在那之后,他和我的關系就進入了第三個階段—一種來往不多,但在學術上相互關切并不時產(chǎn)生共鳴的持續(xù)狀態(tài)。有兩個例子特別反映出這種“以文會友”“不期而遇”的精神默契。第一個例子的場合是大英博物館在二00一年組織的有關《女史箴圖》的學術會議。由于這幅畫的盛名和在中國美術史上的關鍵意義,也因為與會者包括來自中國和西方的不少美術史家,這次會議吸引了相當多的注意力。楊新和我在會前并不知道彼此都會參加,自然也沒有交流對這張畫的看法。我只是在讀到他提交給會議的論文時,才驚喜地發(fā)現(xiàn)我們的一個主要觀點—一個不同于一般看法的觀點—居然相當一致。他的文章題目是《從山水畫法探索〈女史箴圖〉的創(chuàng)作年代》,全文在當年《故宮博物院院刊》第三期發(fā)表,英文濃縮版發(fā)表于二00三年出版的《顧愷之和〈女史箴圖〉》(Gu Kaizhi and theAdmonition Scroll ) 一書中。我的文章的中文題目是《重訪〈女史箴圖〉:圖像、敘事、風格、時代》,譯文發(fā)表于《時空中的美術》文集。即使從二文的題目也能馬上看到,“年代”或“時代”是我們共同關注的一個重點。熟悉早期中國繪畫研究的人都了解,《女史箴圖》在西方和日本學界基本被看作是一幅唐代摹本,高居翰在他的《中國古畫索引》中也采用了這個意見。因此當兩篇長文同時在這個會議上提出需要重新審視這個主流看法、建議這張名畫很可能是南北朝時期原作的時候,它們的契合自然加強了這個提案的分量。而且,由于楊新和我的論述方法相當不同,所采用的證據(jù)也各自有別,兩篇文章可以被看成是互相補充的學術探討,在研究方法和推論解釋上體現(xiàn)出不同的路徑。
“把鏡”與“展書”
第二個例子是我們對故宮藏的一組仕女畫的研究,再一次顯示出這種不經(jīng)合謀的思想相遇。這是一般被稱為《雍正十二美人圖》的一組清宮作品,楊新建議改名為《胤禛圍屏美人圖》,我完全同意。我從二十世紀九十年代起開始研究這套作品,首次討論出現(xiàn)在一九九六年的《重屏—中國繪畫中的媒材與再現(xiàn)》一書中,以后在不同文章和書籍中又進行了多次細化和深化。楊新明顯也一直在關注這套畫,雖然我當時并不知道。只是在讀到他的《〈胤禛圍屏美人圖〉探秘》以及單行本《胤禛美人圖揭秘》時,我才意識到他的這個長期興趣以及為此所做的大量研究和思考。

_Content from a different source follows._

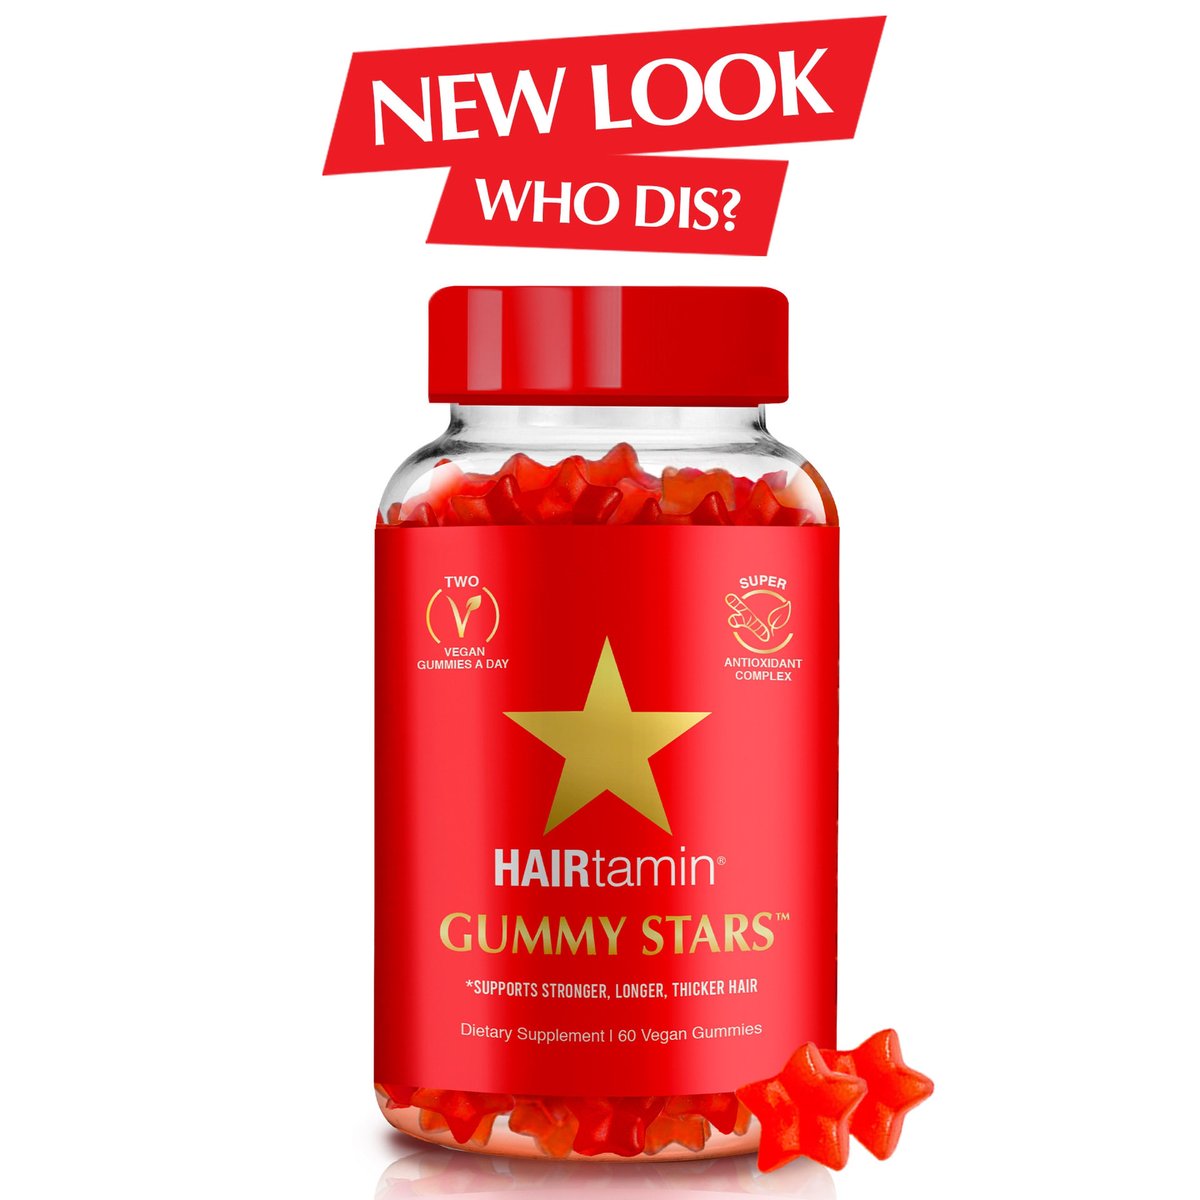 hairtamin-gummy-stars
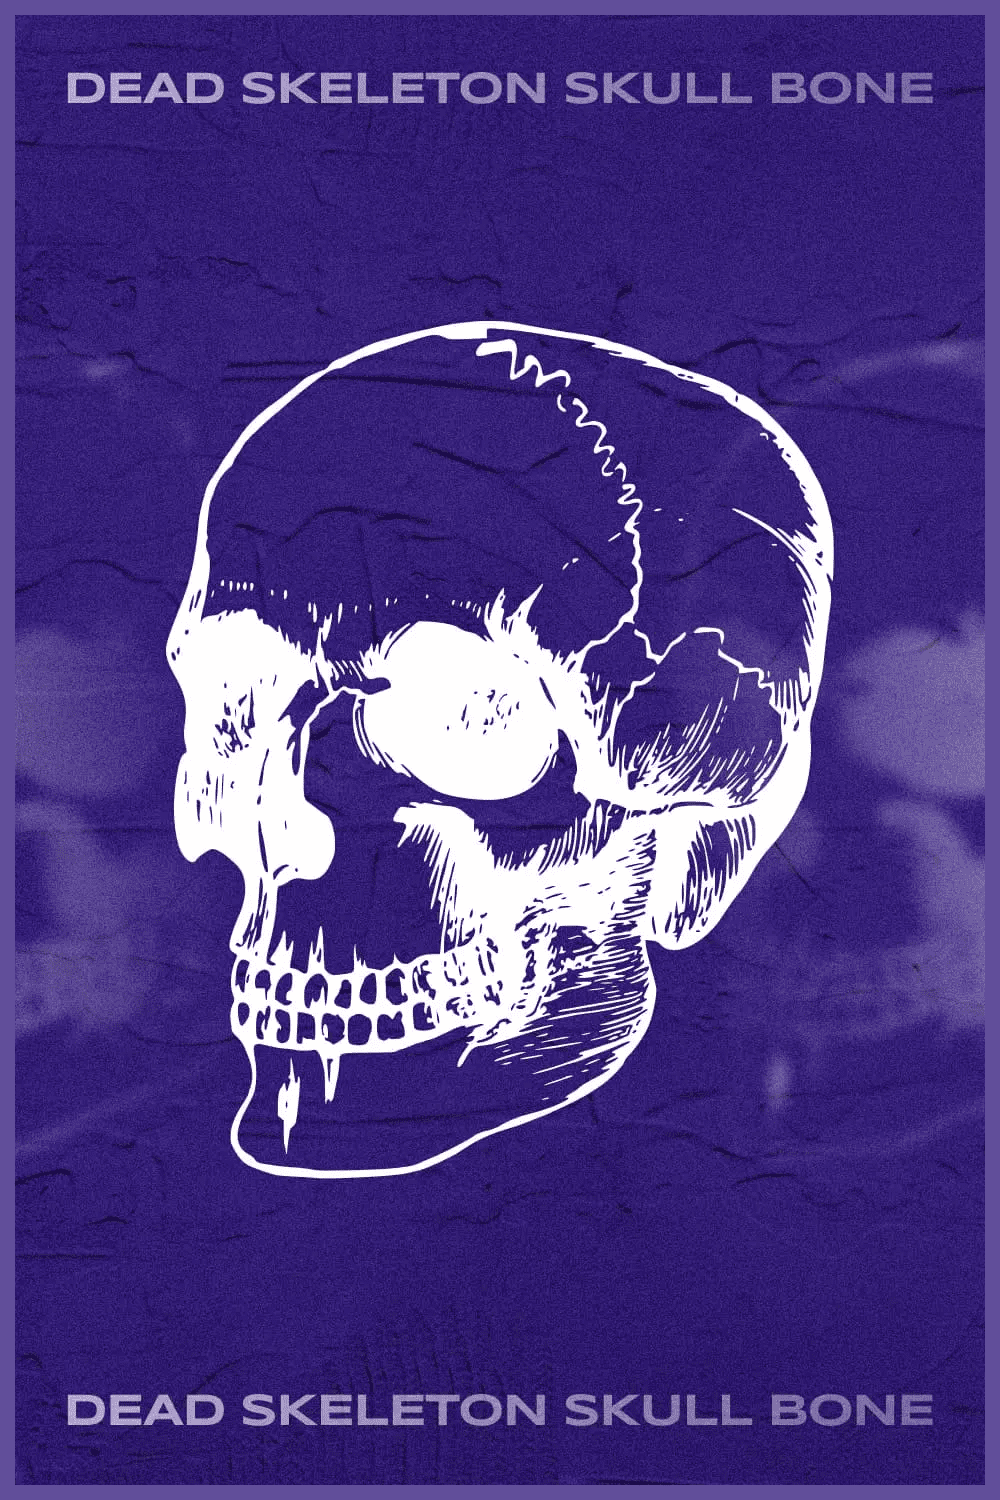 White skull on purple background.

與《女史箴圖》的情況相似,我們二人在研究這套畫時的出發(fā)點和分析方法并不相同,在結論上也有相悖之處(如對于圖中女像是否為真實人物肖像的看法)。但二文在一個關鍵問題上提出了相同的看法,并在論述上相互補充:楊新和我都注意到畫中墻上懸掛的題詩全部是雍正自己的書法作品并鈐有他的印章,由此也都強調(diào)雍正對此畫制作的親自參與和他在畫中的隱身在場。但楊新為這個結論提出了一個我此前不知的關鍵證據(jù):他仔細地查閱了雍正的《世宗憲皇帝御制文集》,在里面發(fā)現(xiàn)了畫中題詩的對應版本。如“把鏡”一幅中的女子身后露出一扇屏風,上面用草書寫著兩首七言詩 :“ 寒玉蕭蕭風滿枝,新泉細火待茶遲。自驚歲暮頻臨鏡,只恐紅顏減舊時。/ 曉妝楚楚意深□,□少情懷倩竹吟, 風調(diào)每憐誰識得,分明對面有□心?!保ā鯙楸划嬛蟹鹗终谏w的文字)楊新在《 世宗憲皇帝御制文集》卷二十六中找到這兩首詩的定本:“手摘寒梅檻畔枝,新香細蕊上簪遲。翠鬟梳就頻臨鏡,只覺紅顏減舊時。/ 曉妝髻扦碧瑤簪,多少情懷倩竹吟。風調(diào)每憐誰解會,分明對面有知心。” 類似例子也見于“展書”一幅。由于這些詩作在雍正《御制文集》中題為《美人把鏡圖》和《美人展書圖》,在我看來也幫助確定了畫中女子理想化“美人”的身份。這一通過出版物進行的學術交流促進了我對這套畫的認識,在去年出版的《中國繪畫中的“女性空間”》里,我特別提到了楊新的貢獻。
楊新走了。但他留下來的學術遺產(chǎn)仍在,仍然是我們和他繼續(xù)進行思想交流的基礎。這篇回顧使我意識到,我們近六十年的相識經(jīng)歷是如此貼切地沿循著時代的變化而變化,但時代的潮流和時間的間隔并未掩蓋作為個人的楊新的存在—他的面容在我的印象中仍是那樣清晰,他的著作就立在我身旁的書架上,查閱時伸手就能取下。他因此沒有真正離去,也不會離去。從同學到同事,從一紙之隔的近鄰到不期而遇的神交,我對他的懷念不會消逝,因為這是我們曾經(jīng)分享過的生活本身。